Forbidden characters (requiring escaping) in a Javascript string: 0x00, 0x0A, 0x0D, 0x22, 0x5C, 0x2028, 0x2029, 0xD800-0xDFFF

---

Second stage involves using very large integers to pack 335 bits into every 336 actual bits. This avoids all escaping completely in the JS string, as you can avoid the forbidden characters.

During decoding, my code is using a handmade 48-bit BigInt (actually stores 7 48-bit words for 336 total bits), allowing support on web browsers that predate native bigints, and it runs faster too.

Let me know if I should make an article about this.

(I also made a WASM version of the decoder to see if it would run any faster, but it didn't.)

gildas · 2024-12-21T21:55:19 1734818119

I took another approach in SingleFile by offering a way to save pages as self-extracting pages (i.e. ZIP/HTML polyglot files), see [1] for more info.

[1] https://github.com/gildas-lormeau/Polyglot-HTML-ZIP-PNG

Dwedit · 2024-12-21T22:05:07 1734818707

Really cool stuff there, how did you read the bytes back? Normally you get a CORS error if you try to use a network request to read back yourself.

gildas · 2024-12-21T22:08:40 1734818920

The saved page is encoded in windows-1252. It includes "consolidation data" to read the ZIP data as text from the DOM and recover the replacements of \r and \r\n occurrences (this is the only data loss and it represents approx. 1% of ZIP data), see the links below for more info.

https://gildas-lormeau.github.io/Polyglot-HTML-ZIP-PNG/en-EN...

Dwedit · 2024-12-22T21:18:57 1734902337

If "CR" is the only bad byte, that means that 255/256 of the symbols are okay to use. That beats UTF-16 embedded in a string, where only 63481/65536 of the symbols are okay to use.

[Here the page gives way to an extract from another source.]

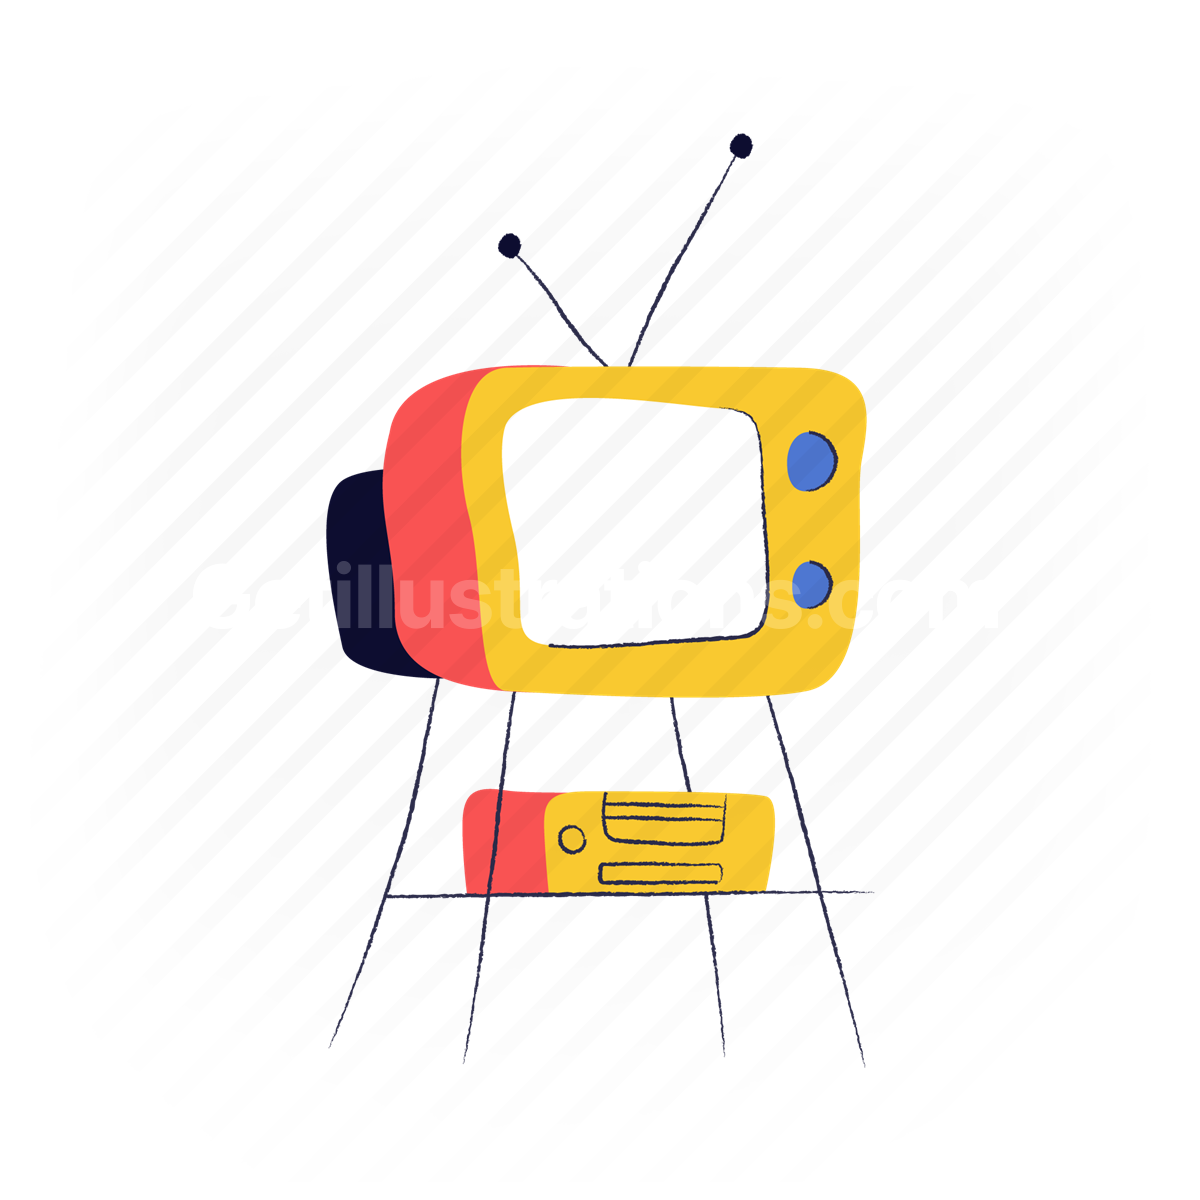 television, tv, electronic, device, monitor, screen

My approach was to use very large integers. You can split the input file into blocks of X bits, then represent that block as X+1 bits. The output is bigger because it can't have any forbidden bytes in there.

For the case of 255 of 256 symbols, packing 1415 bits of data into 1416 bits of space is the most efficient block size (before reaching a ridiculously large size) at 0.0706215% expansion. (For an infinite block size, you'd have an expansion of 1 - (log base 256 of 255), or 0.070582%)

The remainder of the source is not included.